To address the pain points of ultra-wide transverse span and uneven load distribution caused by the double-deck design, the stiffening girder innovatively adopts a continuous truss structure. By adding a middle main truss in critical load-bearing sections, it achieves a smooth transition and continuous connection of the truss structure from double to triple trusses. This not only resolves local stress concentration problems but also significantly enhances the structure's torsion resistance and wind stability. This design breaks free from the spatial dilemmas of urban bridge construction and provides new ideas for the highly efficient utilization of similar cross-river bridges.

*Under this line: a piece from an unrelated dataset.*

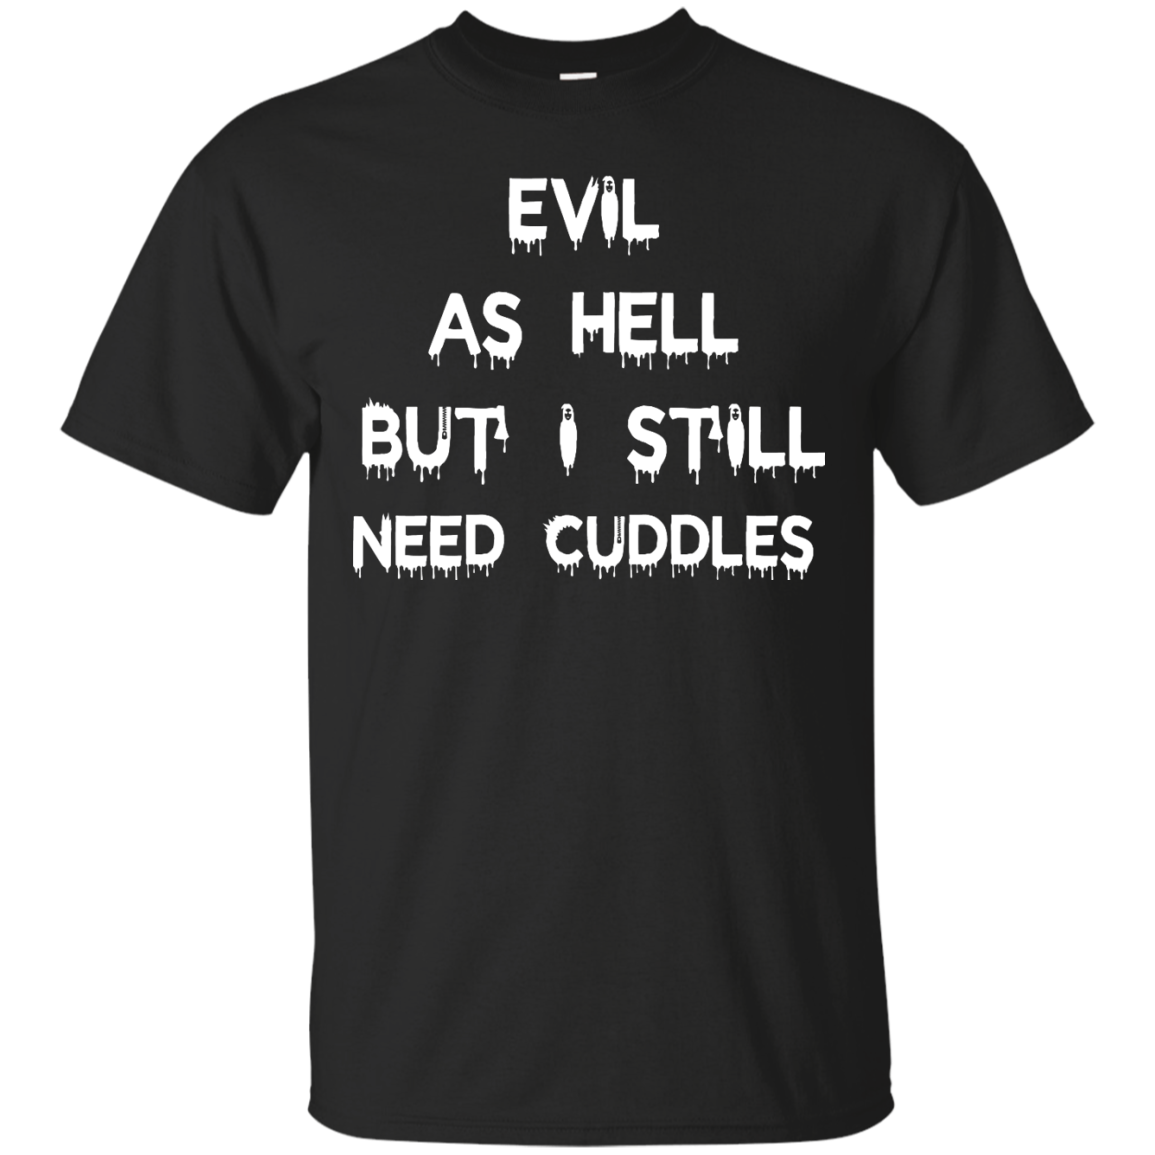 Evil as hell but I still need cuddles shirt, tank

Aiming at the large spatial effect generated by the spatial cable plane layout, the design team innovatively optimized the design of key load-bearing components—both ends of the suspender cables are equipped with large-angle spherical plain bearings similar to "arm joints." Their flexible rotation characteristics can fully meet the large-angle longitudinal and transverse rotation demands of spatial suspender cables during construction erection and long-term operation, effectively releasing structural deformation stress.

The main cable saddle adopts a rigid rotating structure to ensure stable and precise load transmission of the main cables, while the cable-spreading saddle uses an adaptive design that can actively offset the transverse horizontal component force generated by the two main cables, avoiding safety hazards caused by load deviation in the structure.

The Huangjueping Yangtze River Bridge project is more than just a cross-river transport facility; it is an important carrier for promoting regional synergy and optimizing urban functional layouts. Its completion will further strengthen Chongqing's core competitiveness and radiation influence within the "Belt and Road" initiative and the Yangtze River Economic Belt, injecting energy into the coordinated development of the Chengdu-Chongqing Economic Circle, and becoming an important transportation engine empowering high-quality regional development.